Before setting up building block, make sure that you plan for sufficient storage space that balances the cost, availability and performance. Sufficient storage space includes:

  • Space for deduplication database

  • Space for configuring disk library

DDB Backup on Cloud

Deduplication Database (DDB) backup is not recommended on Archive Object Storage, like Glacier, Oracle Archive, Azure Archive, etc.

It is recommended to perform DDB backups to a Disk library. If however a Cloud library is used, create a new Cloud library that does not have the Archive Object Storage enabled (like Amazon S3) as the target and use it for performing both the DDB and Index backups.

Deduplication System Requirements

Supported Platforms

DDB can be hosted on any of the following operating systems:

Important: Partitioned DDB is supported only on the x64 version, but not on the x32 version, of the following operating systems.

Operating System

Description

Windows

All platforms on which Windows MediaAgent is supported, except 64-bit editions on Intel Itanium (IA 64) and Windows XP.

Supported on NTFS and ReFS. For more information on supported Windows MediaAgent, see MediaAgent System Requirements.

Linux

All platforms on which Linux MediaAgent is supported, except Power PC (Includes IBM System p).

32-bit Linux editions are not supported.

Supported on ext3, ext4 and XFS. For more information on supported Linux MediaAgent, see MediaAgent System Requirements.

Note

If using NFS paths.,use NFS version 3 (NFSv3) with Network Lock Manager (NLM) or NFSv4.

Microsoft Cluster Service (MSCS)

Clusters supported by Windows MediaAgents.

Supported on NTFS and ReFS.

Linux Cluster

Clusters supported by Linux MediaAgents.

Supported on ext3, ext4 and XFS.

Hardware Requirements

The hardware requirements for MediaAgent that hosts the DDB is explained in Hardware Specifications for Deduplication Mode.

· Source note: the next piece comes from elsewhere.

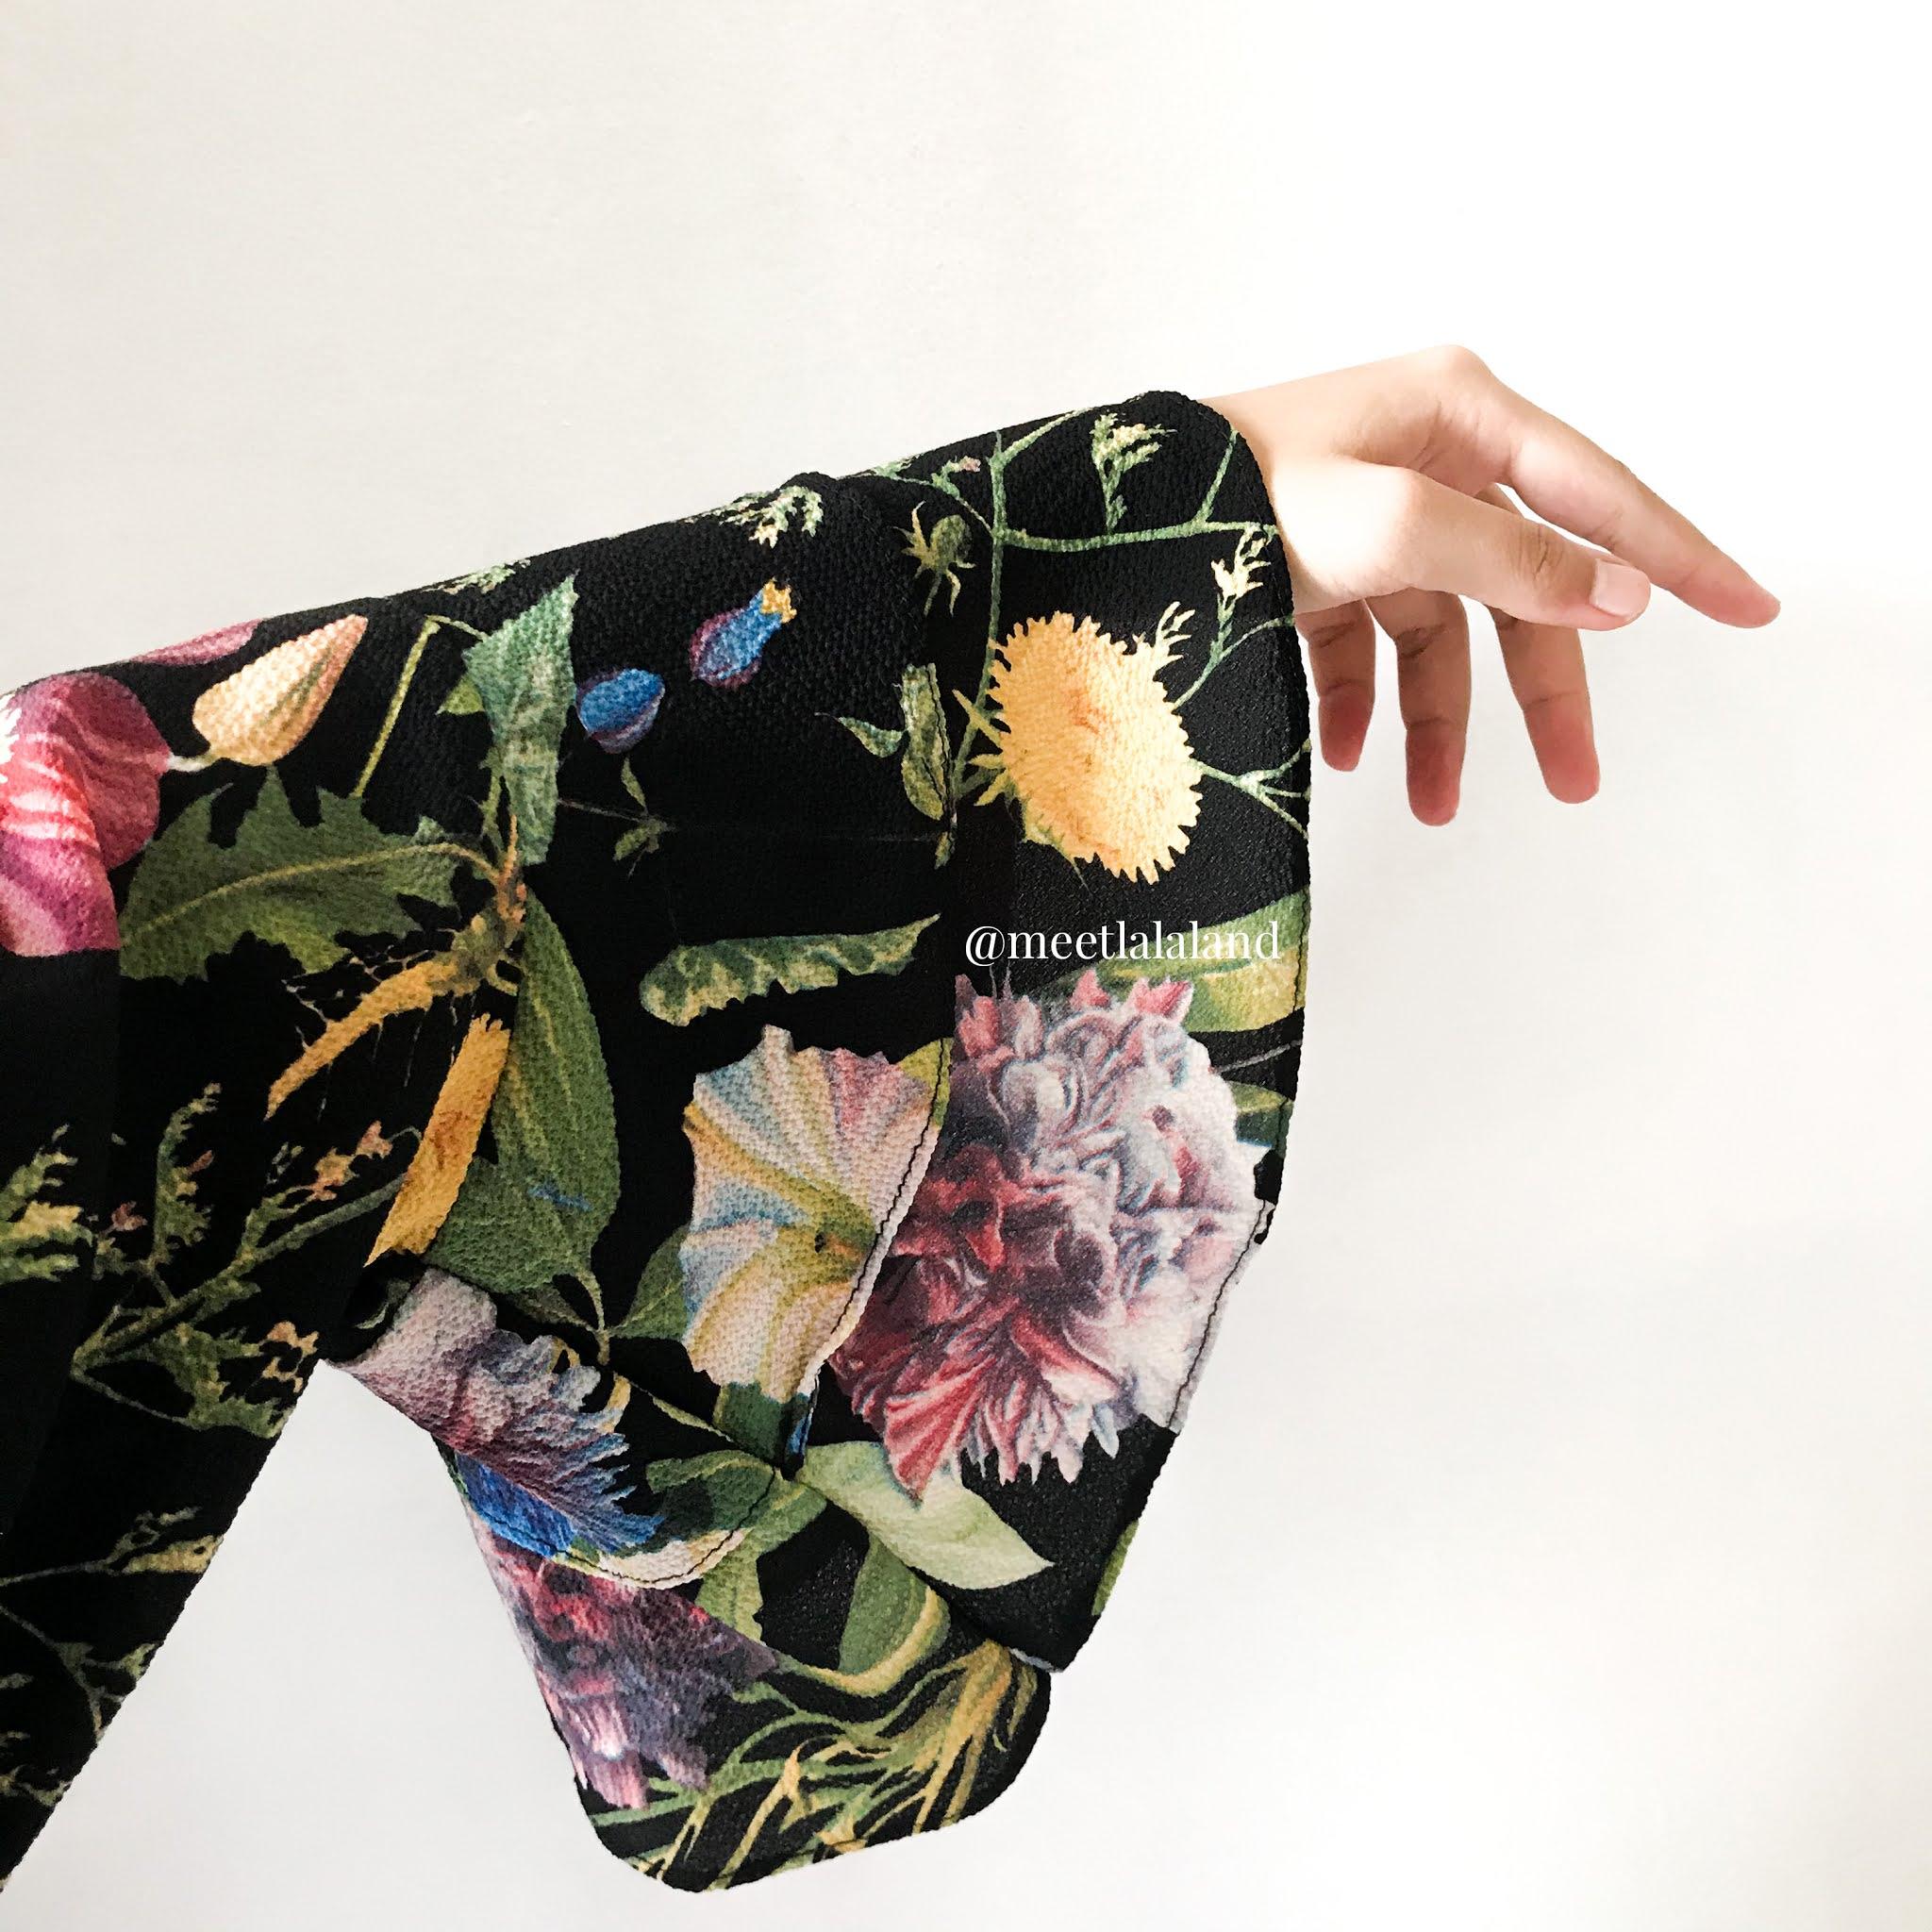 www.meetlalaland.com – cara mengakali pakaian motif bunga untuk semua tipe tubuh

You can configure or modify the kernel parameters on the MediaAgent. For more information, see Kernel Parameter Configuration.

Tips:

  • The DDB must be stored on solid state drives (SSD) that are local to the MediaAgent. Before setting up the DDB, the storage volumes must be validated for high performance. Use a tool that measures the IOPS (Input Output Operations per second). For optimal backup performance, the DDB needs to be on a fast, dedicated disk.

  • The DDB disk on Windows MediaAgent should be formatted at 32 KB file system block size to reduce the impact of NTFS fragmentation over a time period. The DDB disk on LINUX MediaAgent should be formatted at 4 KB file system block size.

Deduplication Components

The following aspects need to be considered before configuring the deduplication in your environment.

Storage Policy

Deduplication is centrally managed through storage policies. Each storage policy can maintain its own deduplication settings or can be associated to a global deduplication storage policy. Depending upon the type of data and production size you can use dedicated storage policy or global deduplication policy.

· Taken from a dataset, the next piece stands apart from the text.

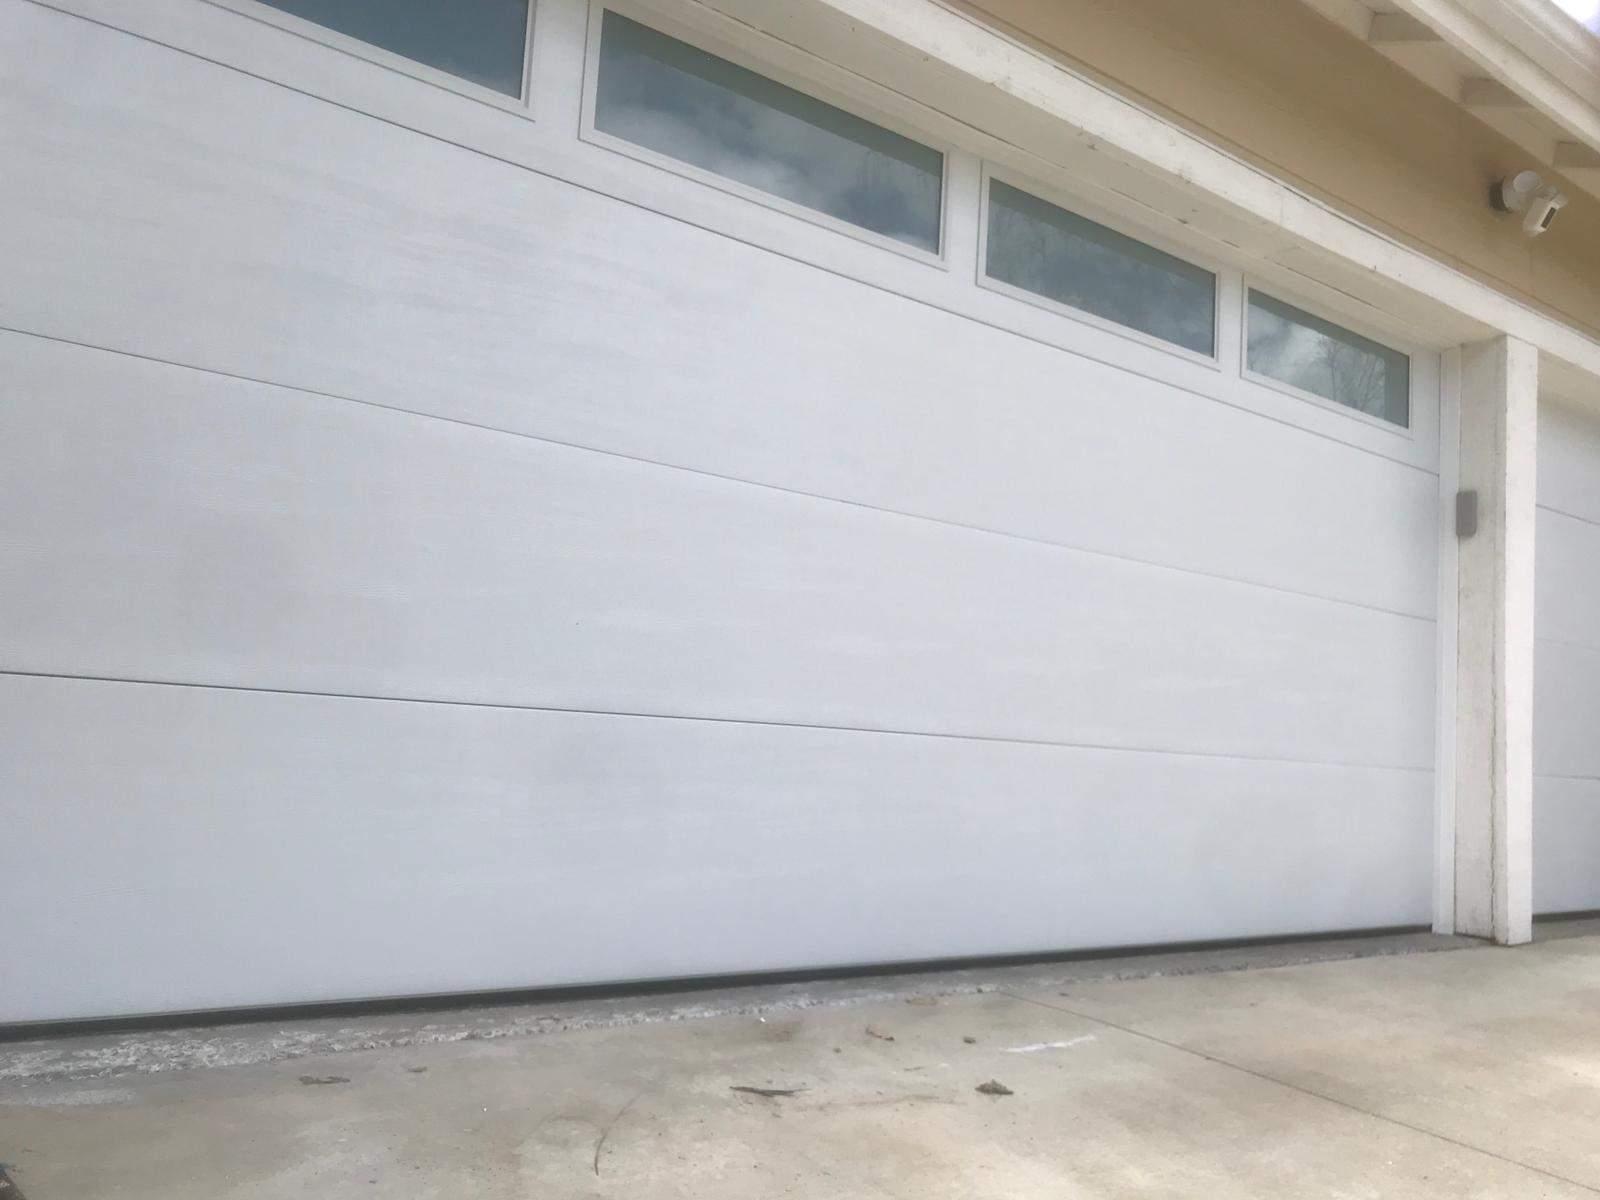 Saratoga CA Garage Door Repair & Replacement

Deduplication Storage Policy

A dedicated deduplication storage policy consists of one library, one deduplication database and one or more MediaAgents. For scalability purposes, using a dedicated deduplication policy allows for the efficient movement of very large amounts of data.

Dedicated policies are recommended, when backing up large amount of data with separate data types that do not deduplicate well against each other such as database and file system data. If you enable horizontal scaling for deduplication databases, the dedicated policies are created automatically.

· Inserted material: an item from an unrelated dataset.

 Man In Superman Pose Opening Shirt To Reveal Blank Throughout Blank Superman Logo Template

For more information, see Data Protection and Archiving Deduplication.

Global Deduplication Policy

Global deduplication storage policy provides one large global deduplication database which can be shared by multiple deduplication storage policy copies. Each storage policy can manage specific content and its own retention rules. However, all participating storage policy copies share the same data paths (which consists of MediaAgents and Disk Library mount paths) and the global deduplication database.

Notes:

  • Client computers - subclients cannot be associated to a Global Deduplication Storage Policy. They should be associated only to standard storage policies.

  • Once a storage policy copy is associated to a Global Deduplication Storage Policy, you cannot change the association.

  • Multiple copies within a storage policy cannot use the same Global Deduplication Storage Policy.

    Global deduplication policy is recommended:

  • For data that exists in multiple remote sites and is being consolidated into a centralized data center.

  • For small data size with different retention requirements.

    For more information, see Global Deduplication.

Deduplication Database

  • Place the DDB locally on the MediaAgent in a folder on a different volume or partition than that of the root file system. The faster the disk performance the more efficient the data protection and deduplication process will be.

    Do not host the DDB under the software installation directory, for example software_installation_directory\Base directory.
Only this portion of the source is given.